Where I feel that I have needed to put the most energy around this is in not categorizing emotions and feelings as good and bad or positive and negative. It is this action that often leads me to deciding whether or not I am going to allow myself to feel and work through an emotion or repress and resist it instead. Coming to the realization that ALL feelings are just that...feelings...moments in time tied to a bodily reaction has been a game changer. I read that emotions pass within 90 seconds of you feeling them. I at first thought that seemed a bit understated but then really thought about it. If you think back to the last time you felt a strong emotion, be it happiness or anger, how long did the really big feeling around that last? Now 90 seconds is not a precise measure and sure some things may take a bit longer to start to subside, but I would say for the most part that within about one and a half minutes of the first strong feelings of an emotional reaction, things usually do tend to start to subside. Sure you may be left with remnants of the feeling but not to the same depth as you first were. For me, keeping this knowledge in my back pocket has been powerful because I can pull it out at any moment when I am in the middle of "it" and realize that this to shall pass and probably sooner than I realize. So by allowing your feelings to come, play out their time with you and then leave the way they came, you will allow your body to process them fully and there will be less of a need to hold on to them and revisit and roll over them again and again in your mind.
One other way I have started to better manage my emotions and feelings is to put a voice to them. Either by saying out loud how I am feeling to the person that is perhaps involved in the emotion or in writing in my journal.
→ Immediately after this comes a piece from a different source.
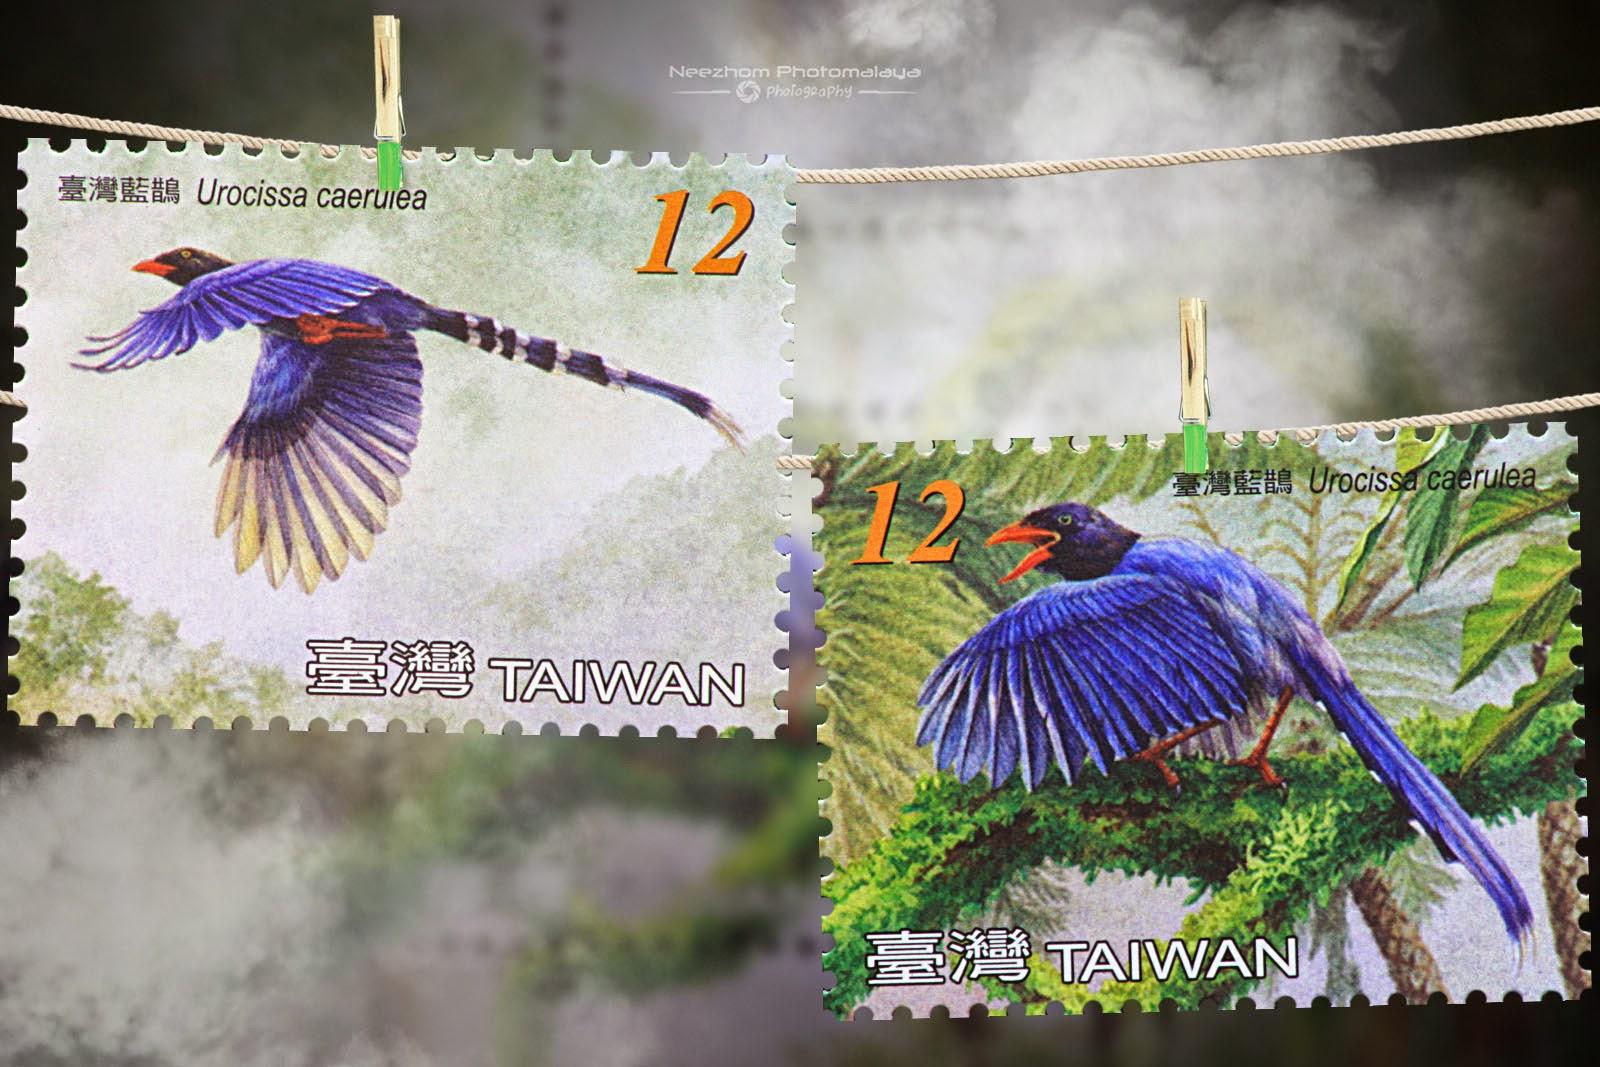 Taiwan 2008 Blue Magpie stamp - Urocissa caerulea NT$12

At times it feels really hard and uncomfortable to honestly say how you are feeling, this has been some of the hardest work that I have done lately. Slowing down to first notice the feelings, deciding how you want to proceed once you have that awareness and then taking action that feels right for you. None of it is easy yet the sense of peace on the other side of it is what makes this so worthwhile. Knowing that you are honouring your deepest self and also showing respect to others in your life by sharing with them your genuine feelings is powerful. And sharing your feelings, even ones that are uncomfortable, doesn't need to be harmful to a relationship or hurtful. It is a matter of just saying how you feel, in simple terms and owning the feelings as your own. Because they are yours. The hurt comes in when you take what you are feeling and put it on the other person as something they have made you feel. This is where I find journalling to be such an important tool to have. In your journal you can work through tough feelings and emotions and no one else will ever need to see your writing. You can be as honest and raw as you need to be and often just that exercise will allow you to be able to more clearly articulate your thoughts to others in your life.
As we continue on through these times of uncertainty, I feel like being able to embrace, address and articulate how we are feeling will be crucial skills to have. Not only to ensure that our lives are as fulfilled as they can be but to also ensure that we are able to nurture and grow the communities that we so desperately need to have.